‘Pay it forward’: Alumnus mentors others to plan for future, helps revitalize local community

Contact: Deanne Puca

A graphic showing arms of various skin tones outstretched under the words "Black History Month."

February is Black History Month, an annual celebration of achievements and a time to recognize the important role Black history plays in U.S. and Western history. This month, the University is celebrating Bronco alumni who’ve inspired change, pushed boundaries and paved the way for so many.

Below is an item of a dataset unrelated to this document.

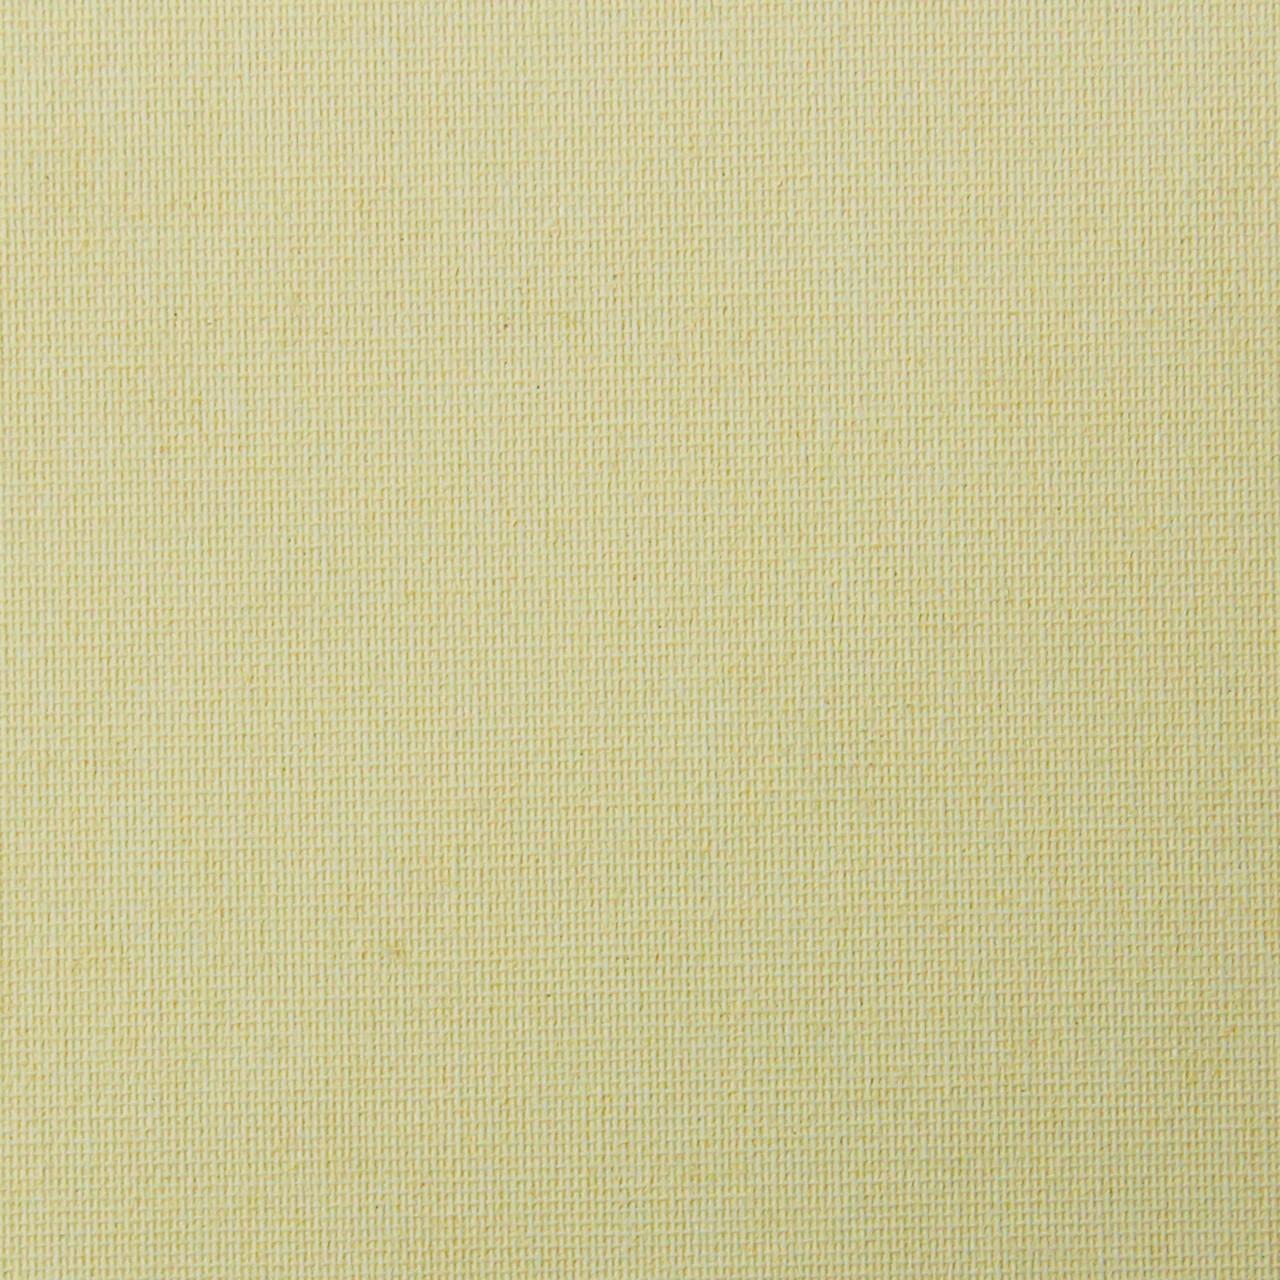 Рулонные шторы Ткань Однотонная А-606 Ваниль
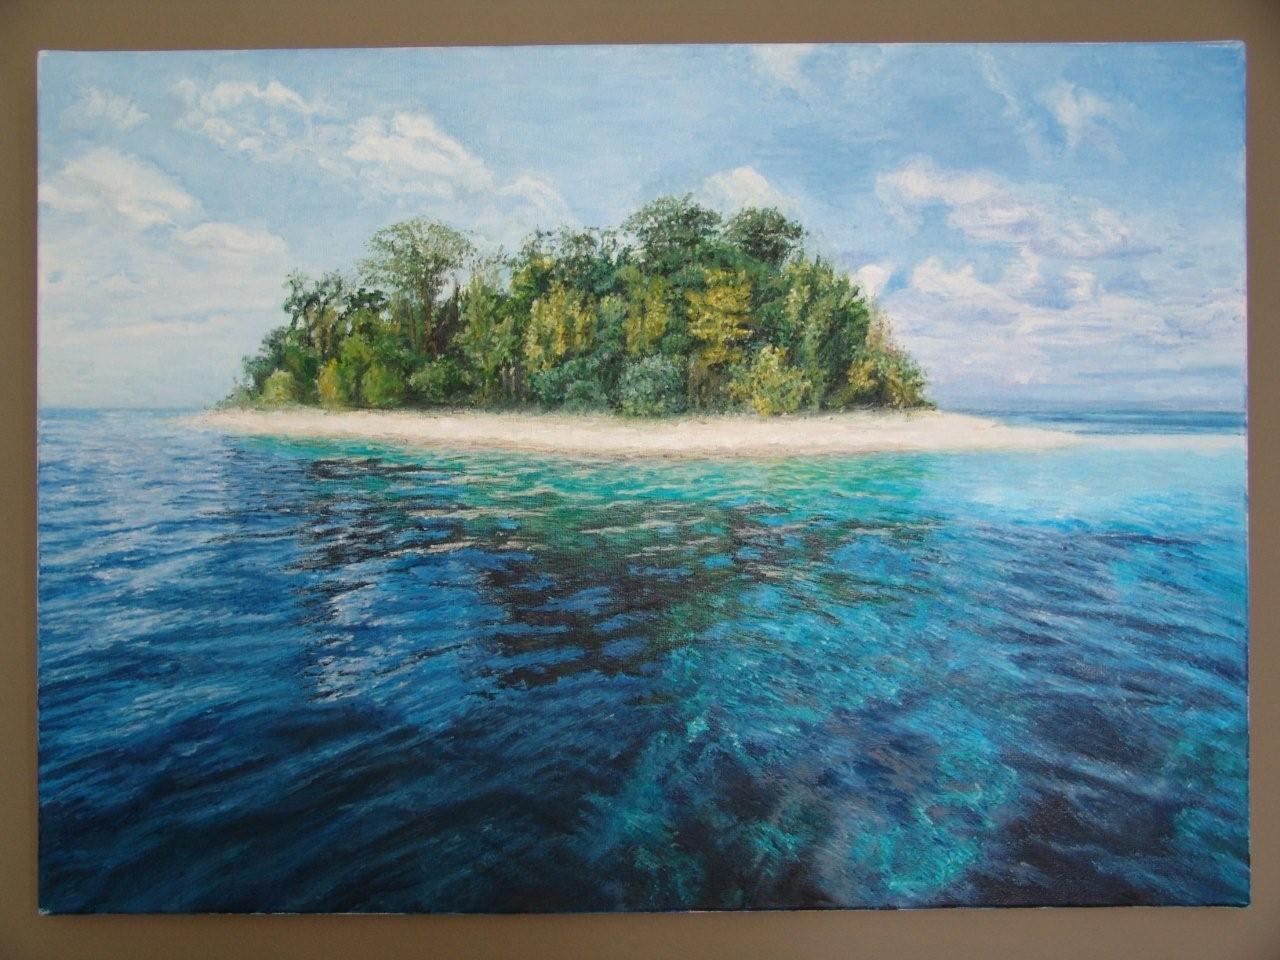 wyspa (bezludna)

KALAMAZOO, Mich.—Alumnus and former student-athlete Jamauri Bogan learned at a young age the importance of having a safety net while also helping others. His mother let him job shadow her at insurance company Prudential Financial near his hometown of Union, New Jersey, when he was just 12 years old. The experience sparked an interest in personal investing and planning for a future that extends beyond himself.

Jamauri Bogan

Whether in the classroom at Western Michigan University's Haworth College of Business or on the field at Waldo Stadium, he carried his passion to help others as a teammate, mentor and ultimately entrepreneur. He also made time to talk to area young people about investing while finishing his bachelor's and master's degrees in business at an accelerated rate in 2018 and 2019, respectively, all while playing football for the Broncos as a running back from 2014-18.

"Anything you do in life requires a great deal of focus and attention, as well as good people around you who are willing to help you," he says. "Growing up and at Western, we learned focus and drive but also about the importance of giving back. Everything I do revolves around that."

While at Western, he won numerous awards for his community service. At the 2019 Famous Idaho Potato Bowl, he was honored with the Humanitarian Award. That same year, he was featured in a Fox Sports Detroit story about his financial literacy and leadership class he taught to male athletes at Loy Norrix High School in Kalamazoo.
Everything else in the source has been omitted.